• [What this task involves]
Only some lines are wanted. Transcribe, exactly, the lines below from the line with "Methods for mitigating" up to and including the line with "Hidden agenda in".

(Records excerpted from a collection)
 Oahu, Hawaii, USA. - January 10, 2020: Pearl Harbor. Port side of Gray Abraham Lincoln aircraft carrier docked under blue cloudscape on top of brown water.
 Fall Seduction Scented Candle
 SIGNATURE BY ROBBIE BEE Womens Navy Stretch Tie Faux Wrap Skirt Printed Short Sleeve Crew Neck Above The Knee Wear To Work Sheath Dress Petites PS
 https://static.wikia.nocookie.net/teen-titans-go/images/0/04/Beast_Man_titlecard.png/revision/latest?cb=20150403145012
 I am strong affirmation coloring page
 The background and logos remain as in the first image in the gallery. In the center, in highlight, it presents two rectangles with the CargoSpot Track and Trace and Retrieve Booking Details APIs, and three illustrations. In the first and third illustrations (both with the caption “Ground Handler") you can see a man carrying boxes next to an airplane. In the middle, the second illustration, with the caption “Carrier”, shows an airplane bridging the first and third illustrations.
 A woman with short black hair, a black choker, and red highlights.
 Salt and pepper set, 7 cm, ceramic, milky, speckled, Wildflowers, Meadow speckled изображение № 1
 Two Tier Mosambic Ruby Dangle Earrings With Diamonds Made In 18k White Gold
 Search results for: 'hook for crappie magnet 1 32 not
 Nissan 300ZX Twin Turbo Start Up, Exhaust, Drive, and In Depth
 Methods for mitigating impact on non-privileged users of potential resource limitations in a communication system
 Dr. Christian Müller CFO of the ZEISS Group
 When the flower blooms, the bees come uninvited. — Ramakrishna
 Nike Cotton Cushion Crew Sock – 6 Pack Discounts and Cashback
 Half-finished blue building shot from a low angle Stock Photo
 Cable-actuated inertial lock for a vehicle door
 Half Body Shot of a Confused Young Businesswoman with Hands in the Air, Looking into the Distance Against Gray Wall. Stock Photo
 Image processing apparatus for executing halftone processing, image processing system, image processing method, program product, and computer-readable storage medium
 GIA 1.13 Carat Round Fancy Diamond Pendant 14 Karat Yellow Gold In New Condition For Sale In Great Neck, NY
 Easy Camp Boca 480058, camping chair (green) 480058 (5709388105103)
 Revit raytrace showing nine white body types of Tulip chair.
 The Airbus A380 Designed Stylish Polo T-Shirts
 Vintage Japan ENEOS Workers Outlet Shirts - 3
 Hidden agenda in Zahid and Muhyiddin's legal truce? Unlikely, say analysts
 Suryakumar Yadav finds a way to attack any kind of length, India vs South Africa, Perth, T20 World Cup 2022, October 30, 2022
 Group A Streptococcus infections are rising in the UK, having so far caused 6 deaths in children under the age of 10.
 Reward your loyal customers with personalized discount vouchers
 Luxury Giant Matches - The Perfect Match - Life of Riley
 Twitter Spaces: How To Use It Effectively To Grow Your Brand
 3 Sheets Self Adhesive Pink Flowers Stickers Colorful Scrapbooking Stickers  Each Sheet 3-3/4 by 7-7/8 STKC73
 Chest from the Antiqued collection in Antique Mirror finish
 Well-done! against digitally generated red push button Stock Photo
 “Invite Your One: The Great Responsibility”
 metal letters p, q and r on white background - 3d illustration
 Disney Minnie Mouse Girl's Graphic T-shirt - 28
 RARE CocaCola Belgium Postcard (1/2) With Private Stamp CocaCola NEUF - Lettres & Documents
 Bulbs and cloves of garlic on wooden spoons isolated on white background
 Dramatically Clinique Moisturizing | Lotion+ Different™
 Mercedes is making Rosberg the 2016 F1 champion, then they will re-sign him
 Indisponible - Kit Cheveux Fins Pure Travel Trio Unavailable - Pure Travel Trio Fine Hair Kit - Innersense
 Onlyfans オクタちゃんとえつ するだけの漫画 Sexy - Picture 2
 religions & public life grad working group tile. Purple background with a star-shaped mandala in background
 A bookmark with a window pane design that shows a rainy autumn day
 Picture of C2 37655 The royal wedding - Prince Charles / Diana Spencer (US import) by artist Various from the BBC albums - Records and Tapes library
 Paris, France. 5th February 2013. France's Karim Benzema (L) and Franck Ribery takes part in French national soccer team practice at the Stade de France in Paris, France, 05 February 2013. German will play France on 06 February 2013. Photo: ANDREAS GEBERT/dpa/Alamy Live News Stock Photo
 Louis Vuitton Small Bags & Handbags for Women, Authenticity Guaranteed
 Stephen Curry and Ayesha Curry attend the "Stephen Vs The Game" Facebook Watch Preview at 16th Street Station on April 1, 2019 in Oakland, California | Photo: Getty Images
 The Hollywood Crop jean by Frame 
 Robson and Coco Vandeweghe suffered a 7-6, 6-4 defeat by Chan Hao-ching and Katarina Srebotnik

• [Solution below]
 Methods for mitigating impact on non-privileged users of potential resource limitations in a communication system
 Dr. Christian Müller CFO of the ZEISS Group
 When the flower blooms, the bees come uninvited. — Ramakrishna
 Nike Cotton Cushion Crew Sock – 6 Pack Discounts and Cashback
 Half-finished blue building shot from a low angle Stock Photo
 Cable-actuated inertial lock for a vehicle door
 Half Body Shot of a Confused Young Businesswoman with Hands in the Air, Looking into the Distance Against Gray Wall. Stock Photo
 Image processing apparatus for executing halftone processing, image processing system, image processing method, program product, and computer-readable storage medium
 GIA 1.13 Carat Round Fancy Diamond Pendant 14 Karat Yellow Gold In New Condition For Sale In Great Neck, NY
 Easy Camp Boca 480058, camping chair (green) 480058 (5709388105103)
 Revit raytrace showing nine white body types of Tulip chair.
 The Airbus A380 Designed Stylish Polo T-Shirts
 Vintage Japan ENEOS Workers Outlet Shirts - 3
 Hidden agenda in Zahid and Muhyiddin's legal truce? Unlikely, say analysts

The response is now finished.